I built a curved banquette by kerfing some 1/2'inch birch plywood. As this was my first time kerfing and building a banquette, I didn't think I could kerf a whole sheet of plywood for the back rest so I did it in three sections and filled the horizontal seams with wood putty. I think I need to reinforce these seams somehow. Any suggestions?


----------



## wormil (Nov 19, 2011)

You'll probably need to post a picture to get meaningful answers. Do you have a support structure behind the joints?


----------



## Loren (May 30, 2008)

Does it have to look good or can it be messy?

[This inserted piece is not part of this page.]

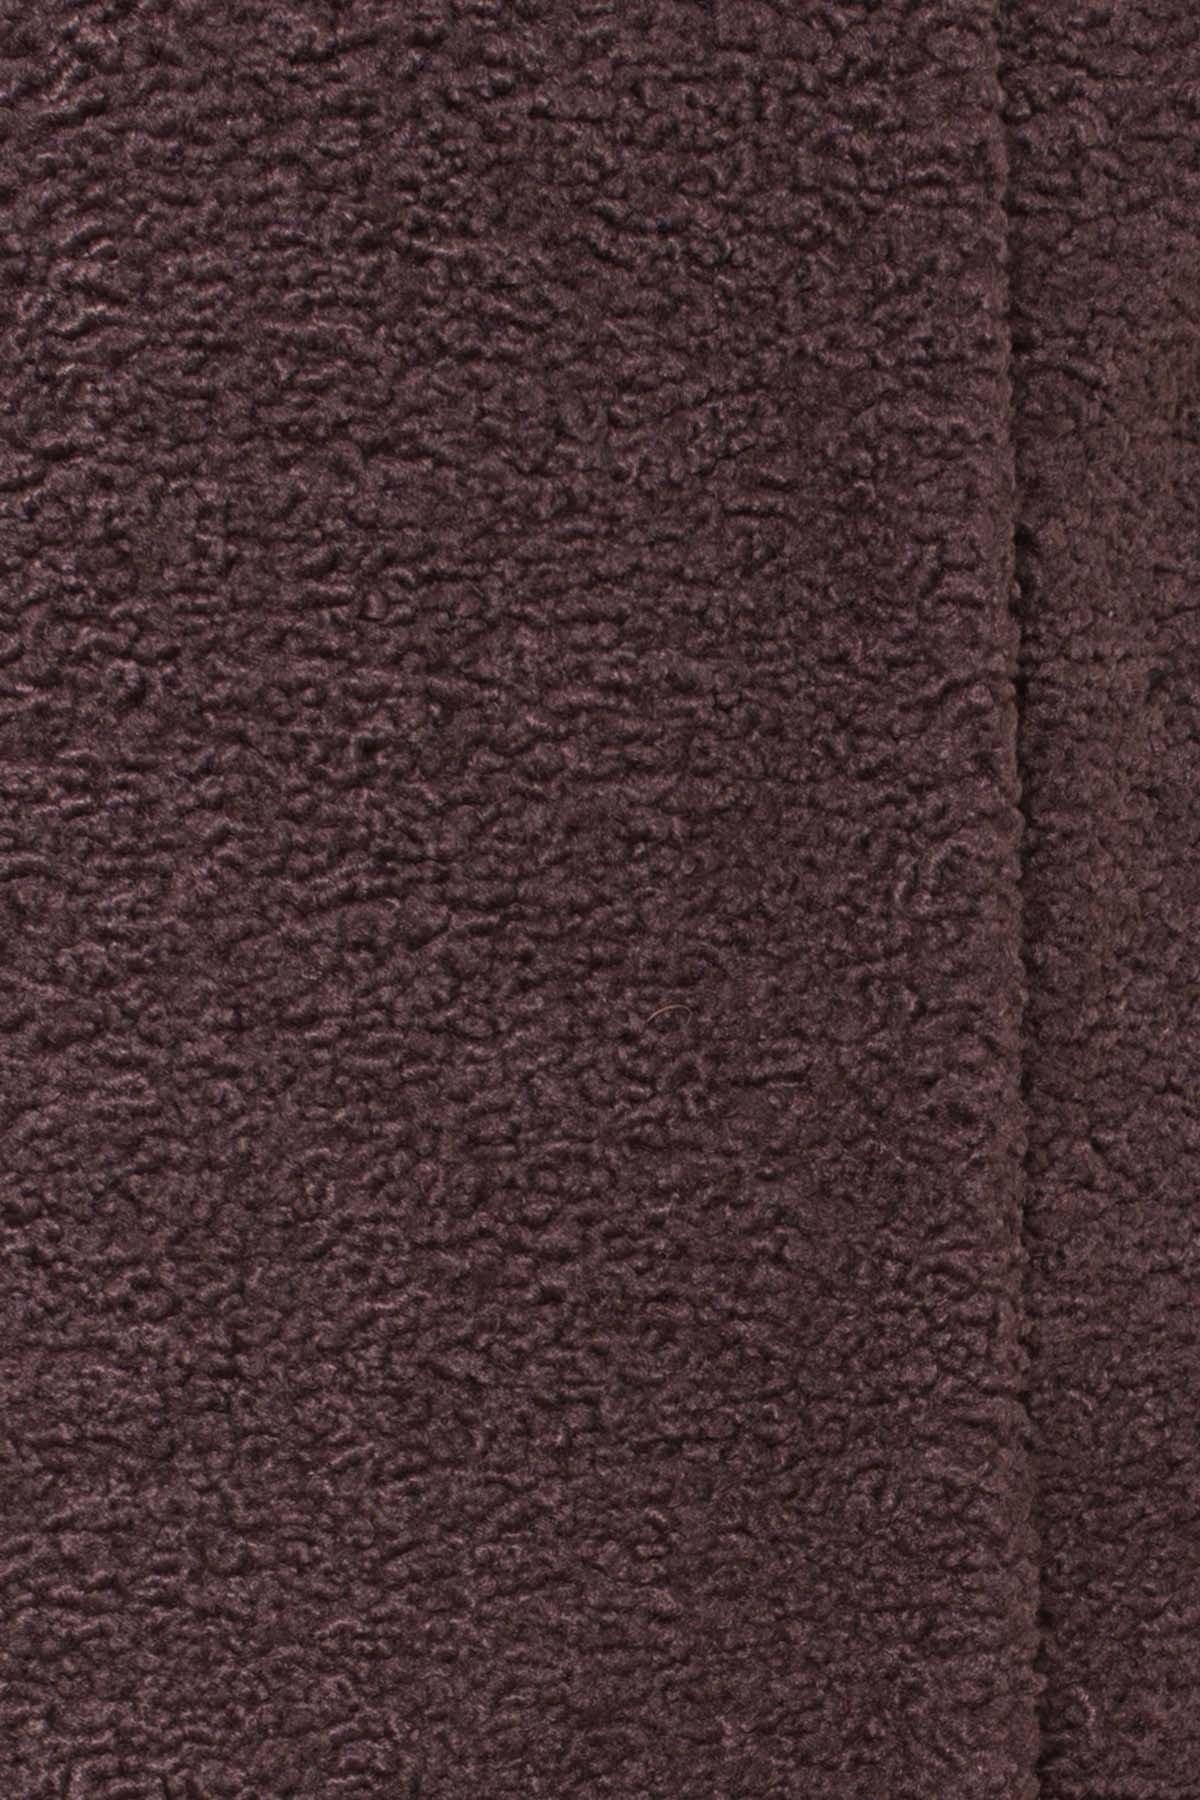 Пальто меховое зима Приора 6011 АРТ. 40971 Цвет: Шоколад - фото 6, интернет магазин tm-modus.ru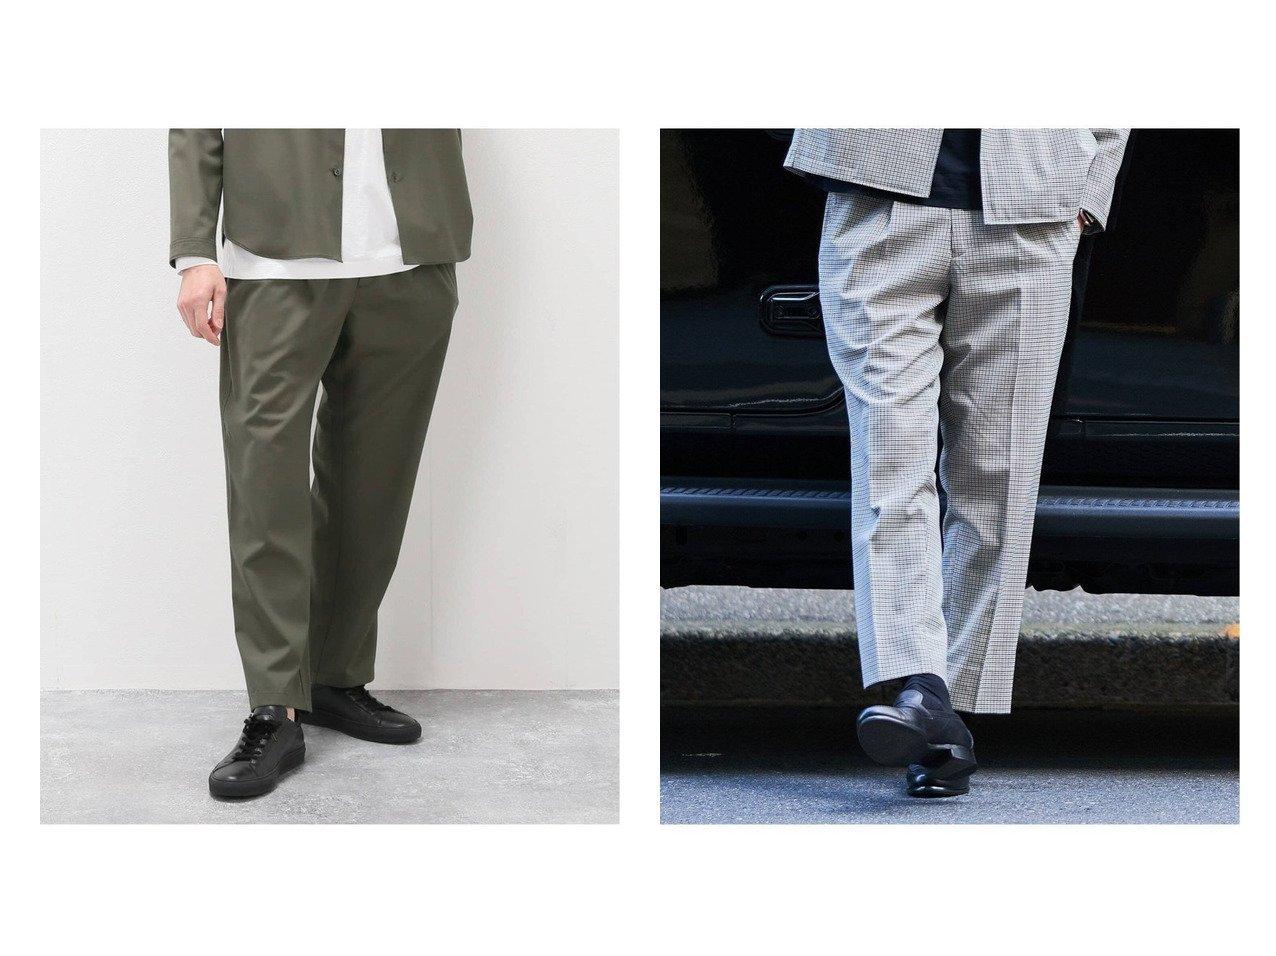 【EDIFICE / MEN/エディフィス】の【BEGIN掲載】SOLOTEX Easy Pants&【BEGIN掲載】SOLOTEX CHECK イージーパンツ ファッション雑誌掲載 おすすめ!人気トレンド・男性、メンズファッションの通販 おすすめファッション通販アイテム インテリア・キッズ・メンズ・レディースファッション・服の通販 founy(ファニー)  ファッション Fashion メンズファッション MEN ボトムス Bottoms/Men イタリア ジーンズ ストレッチ テーパード リラックス 軽量 雑誌 シャーリング スラックス チェック バランス フィット グリーン系 Green ベージュ系 Beige  ID:crp329100000037221

Thin bending plywood (Italian bending ply) can
be glued and stapled from the back with 3/8" 
crown staples. That will fix the bend well. It's
probably one of the quicker ways to get this
done. I would use plastic resin glue and a lot of 
staples. Contact cement could work without staples
but I'd be concerned about voids.


----------



## rkwoods (Dec 18, 2012)

Here's a photo of the back. I built this to hide two poles down in my basement.


----------



## rkwoods (Dec 18, 2012)

Here's a photo of the front


----------



## waho6o9 (May 6, 2011)

Bondo?


----------



## rkwoods (Dec 18, 2012)

Thought about Bondo. Probably a lot easier than fiberglass.


----------



## oldnovice (Mar 7, 2009)

Make sure that you have *plenty of ventilation* and *no sources of sparks/flames* in the area if you use Bondo!
Ventilation for yourself and no spark/flames for the Bondo fumes.


----------



## rkwoods (Dec 18, 2012)

I used to restore cars years ago and have used Bondo. Thanks!


----------



## wormil (Nov 19, 2011)

Ah, okay, I was thinking the seams were vertical. I would worry the bondo is too brittle and any flexing will crack it. Loren's idea of backing the seams with glued plywood seems like a safer bet.


----------